Am I disappointed? Yeah. But the truth is, before Thanksgiving I got sick, and it was two weeks before I was able to really work out again. So by the time I was able to get back on track, the holiday season was in full swing. Parties took precedence over training runs. Meeting girlfriends for a cocktail meant I wasn't necessarily tracking my intake. I got on the scale last week and it was pissed.

But it's okay. I know how it got there; I know how to take it off. And I'm honestly considering not worrying about it at all, because maybe what I need to do is gain muscle and quit concerning myself with the weight at all.

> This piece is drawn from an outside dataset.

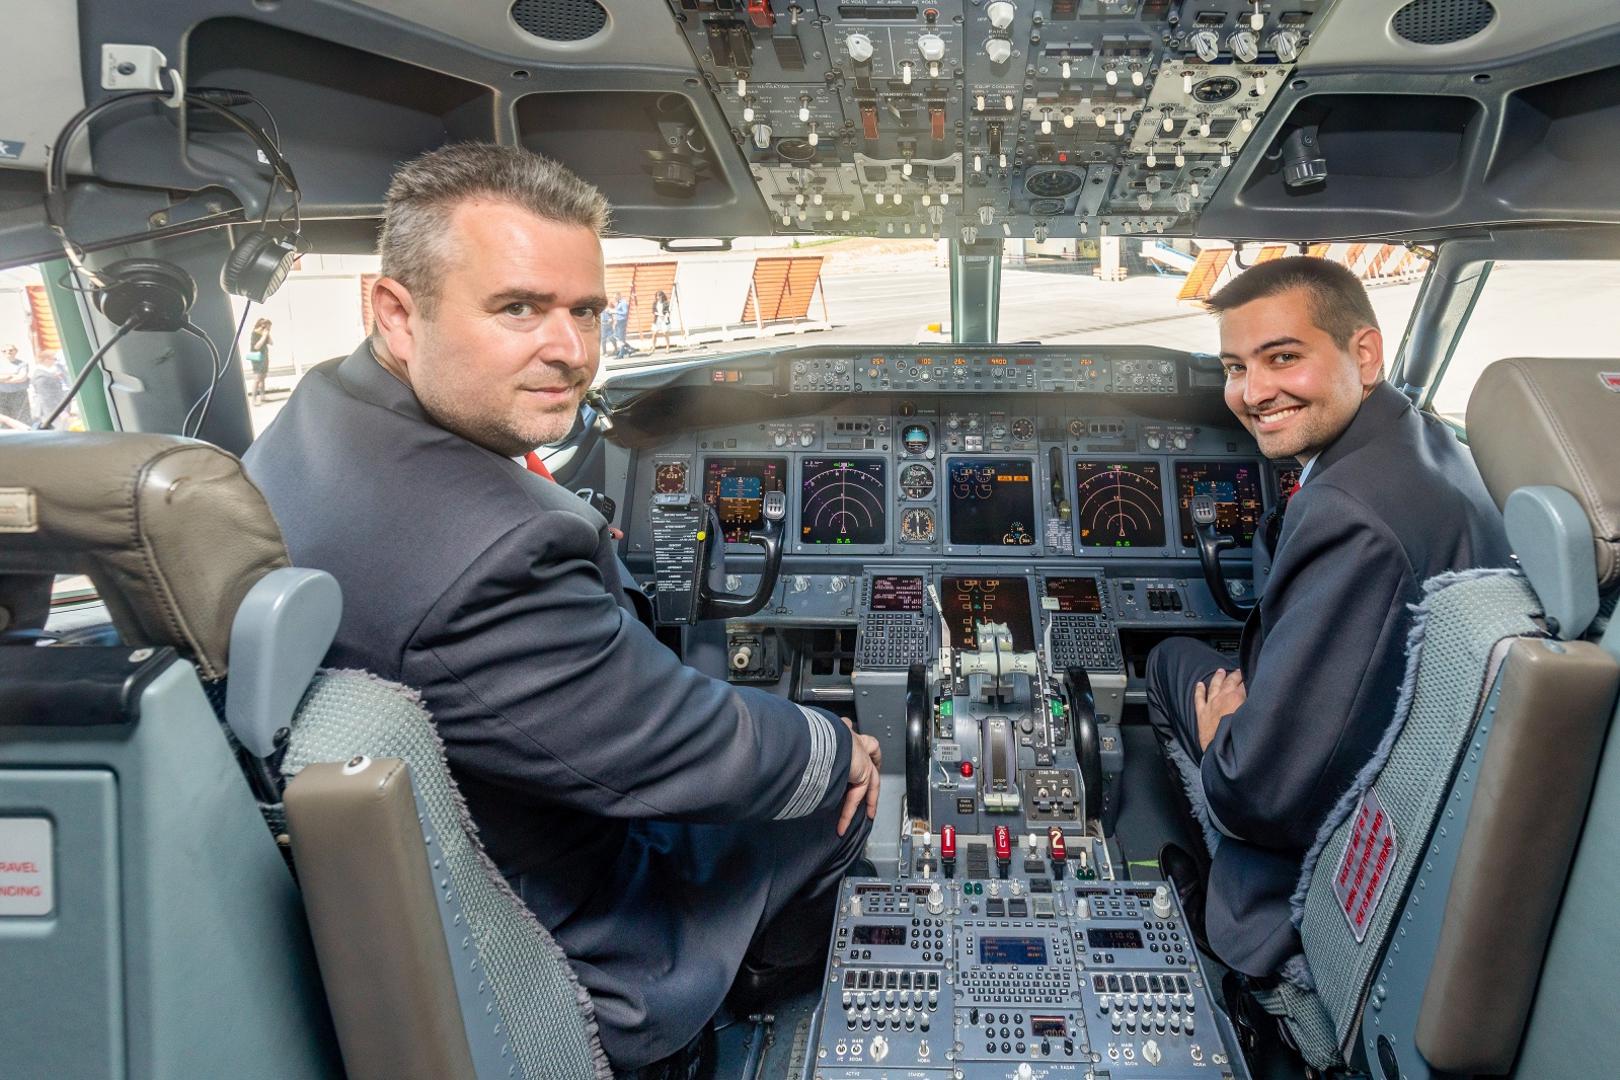 29.05.2021., Pula - U pulskoj zracnoj luci predstavljena je nova hrvatska zrakoplovna tvrtka ETF AIRWAYS te njihov prvi putnicki zrakoplov Boeing 737-800. Photo: Srecko Niketic/PIXSELL
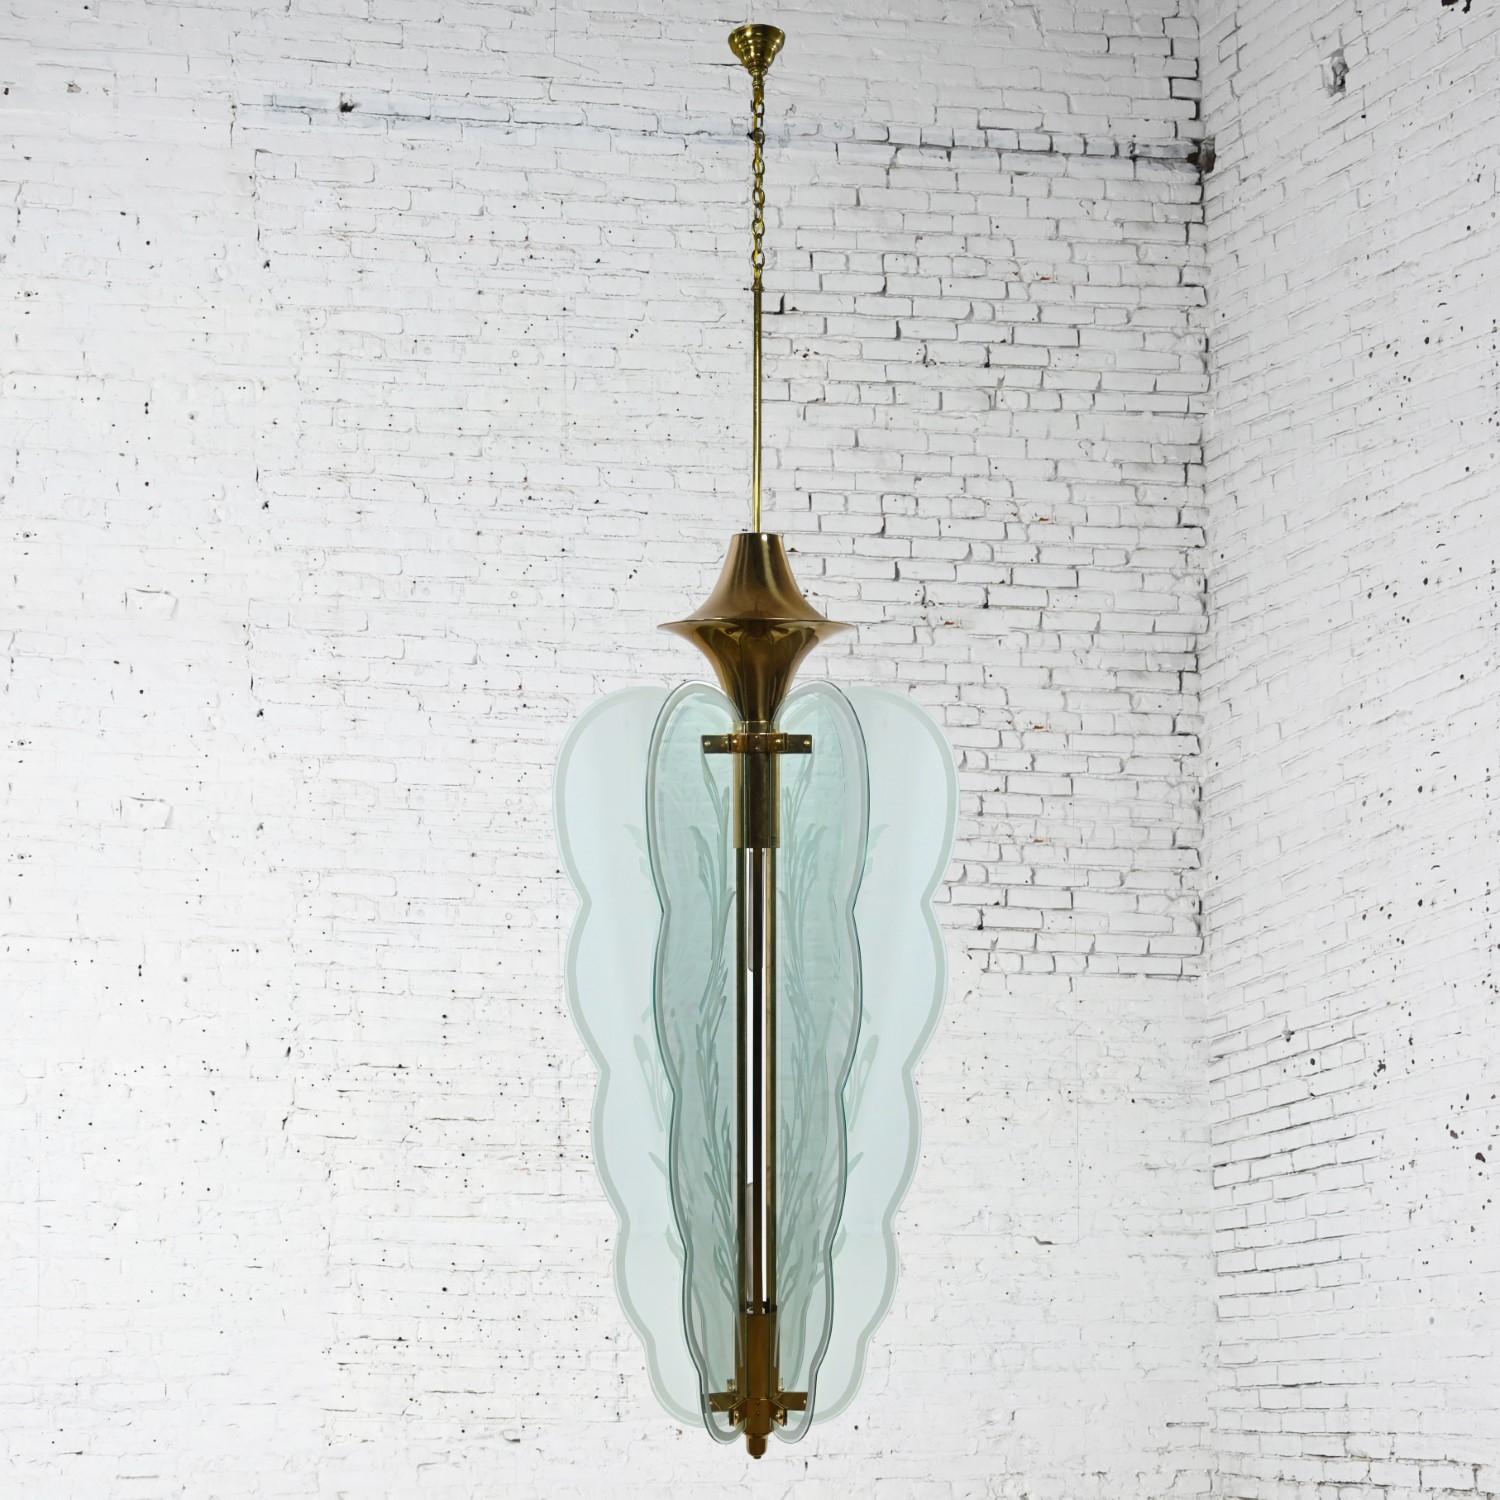 Art Deco Revival Monumental Brass Etched Glass Hanging Light Fixture Chandelier For Sale 5

So this year, I have three goals:

  • One half marathon, in April. 
  • Yoga teacher training (which scares the piss out of me and has me SO EXCITED at the same time), running February - June.
  • Three triathlons (the same three as last year - Esprit de She, IronGirl, and the biggie - Chicago, at the end of summer).

Training for the half begins in earnest tomorrow. Tri training shortly after that. And yoga teacher training will be an ongoing pursuit, every Saturday for the front half of the year.

I'm not going to be crazy about logging calories (although I will do my best to eat wisely.) I'm not going to kill myself to get workouts in (because I don't exercise; I train). And I'm not going to give in to the shoulda/coulda/woulda that often comes with not taking the best care of myself. No, I'm just not going there. I'm simply going to take each day as it comes, doing the best I can. And I'll try to be a little better at updating the blog, because it really does help me to stay honest.